■ EXERCISE DETAILS
When you return the data, keep every word exact and include none of the images.
** SOURCE DATA follows **
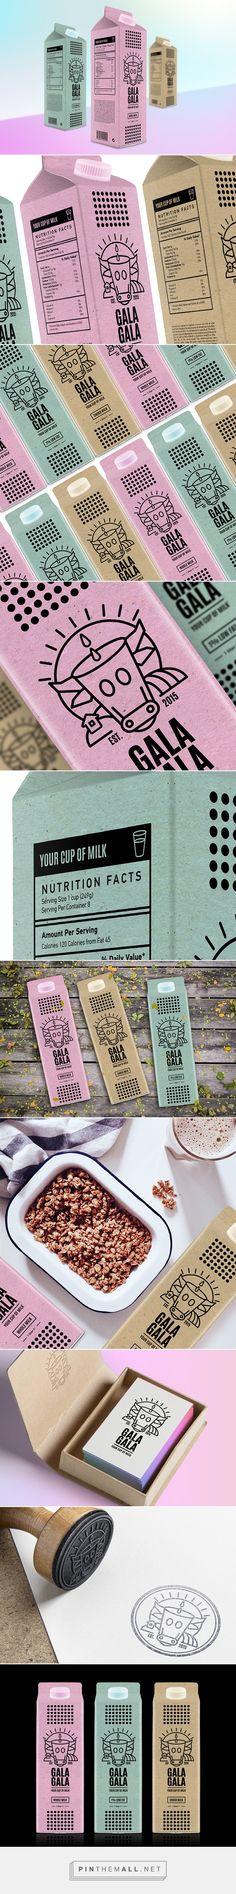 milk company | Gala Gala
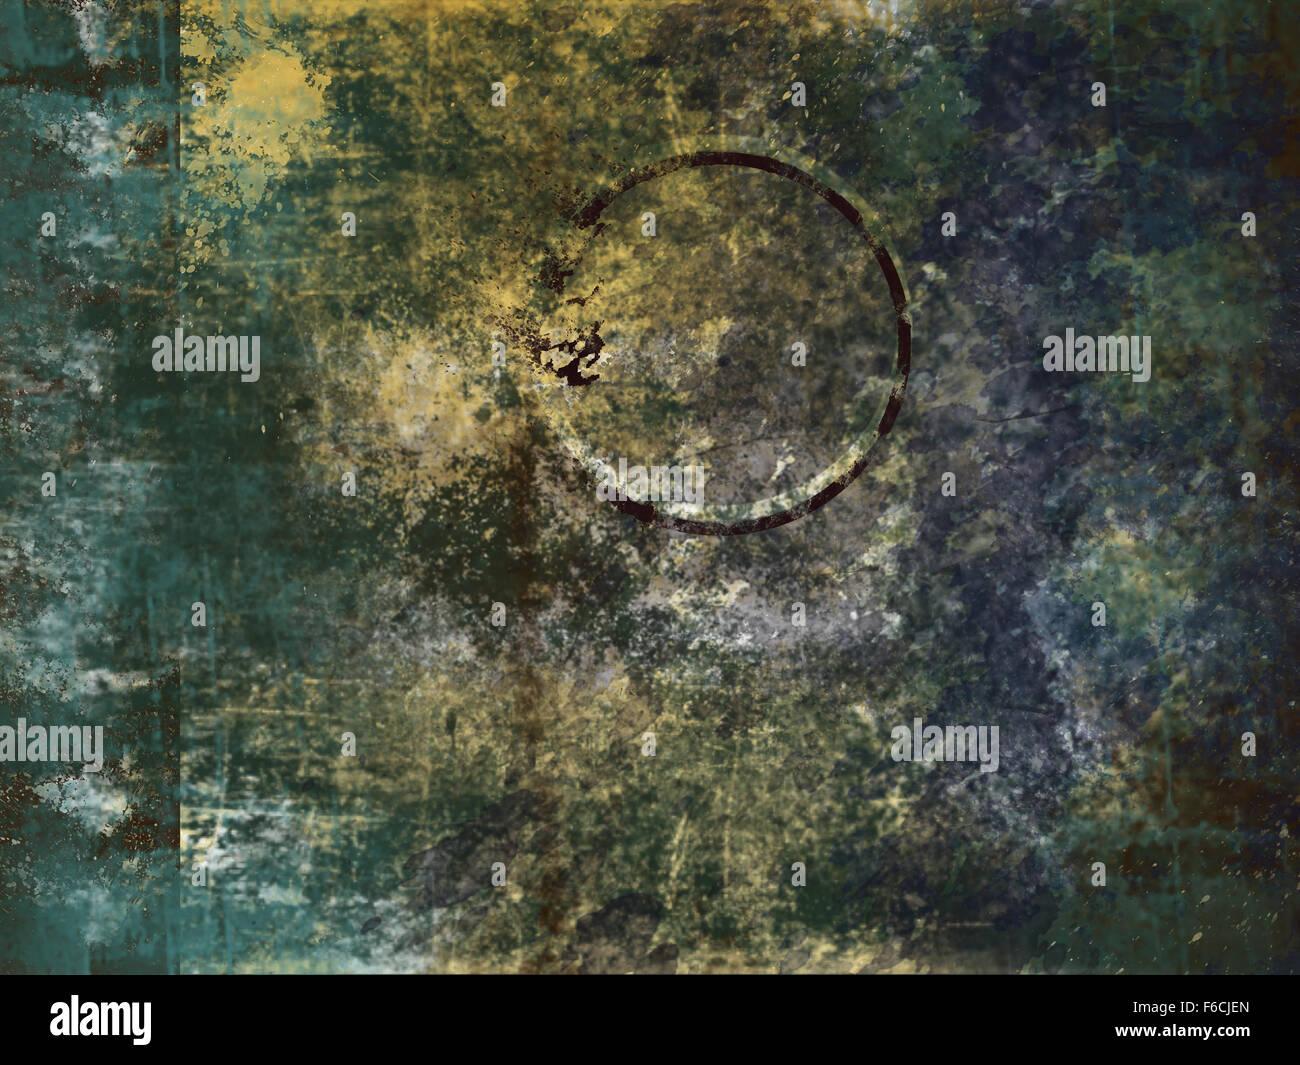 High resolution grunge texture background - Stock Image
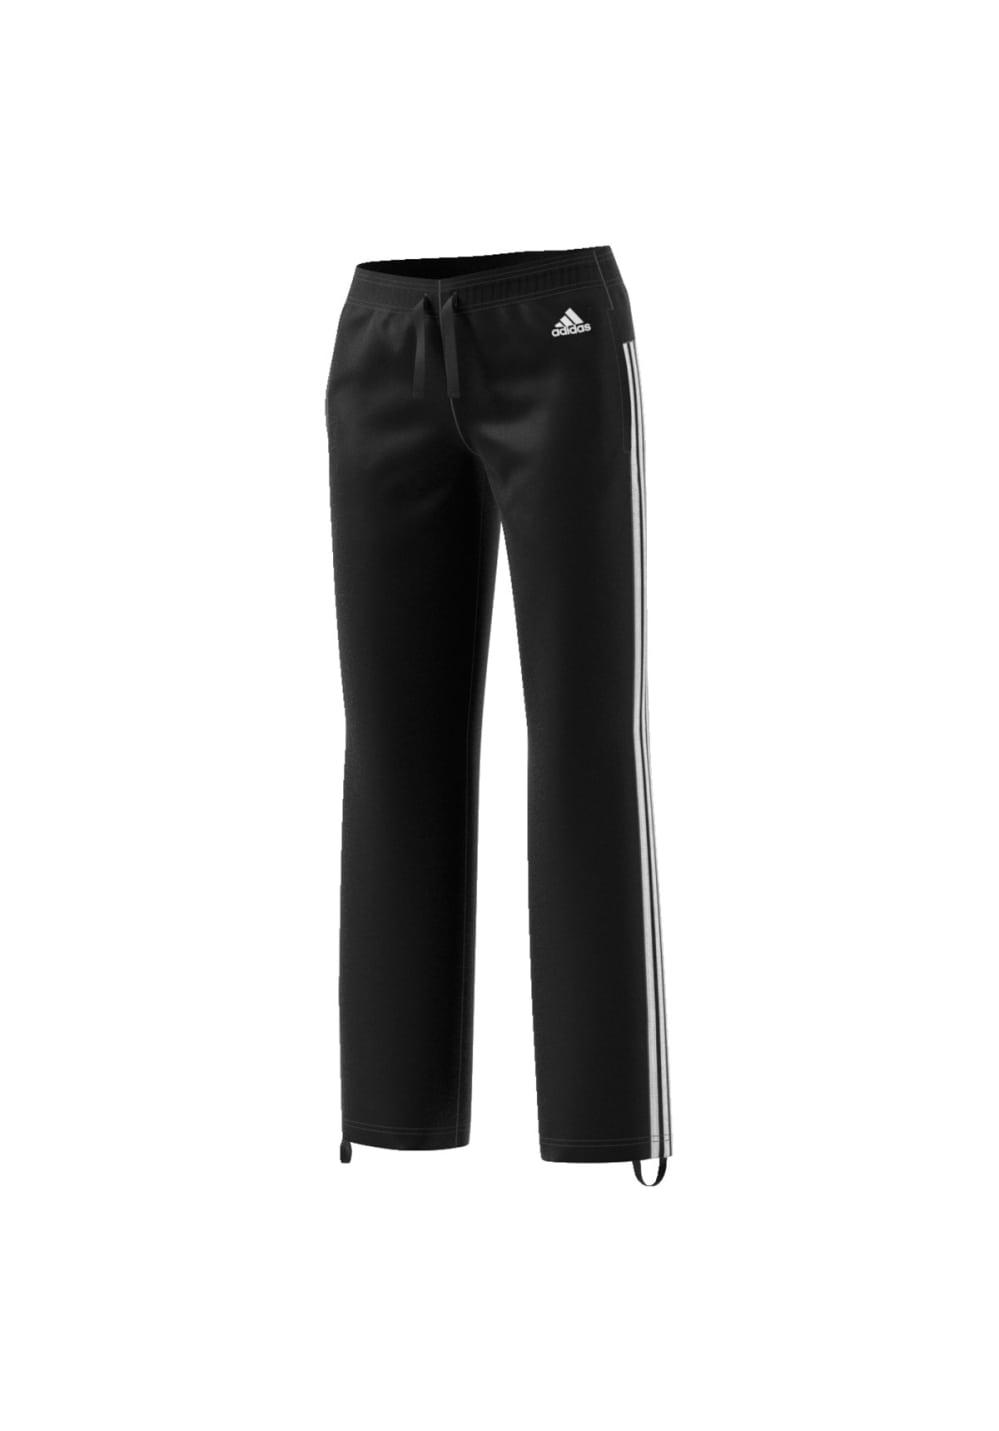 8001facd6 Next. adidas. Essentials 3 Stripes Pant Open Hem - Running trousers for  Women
** End of SOURCE DATA **
■ RESULT FOR THIS TASK
 milk company | Gala Gala
 High resolution grunge texture background - Stock Image
 8001facd6 Next. adidas. Essentials 3 Stripes Pant Open Hem - Running trousers for  Women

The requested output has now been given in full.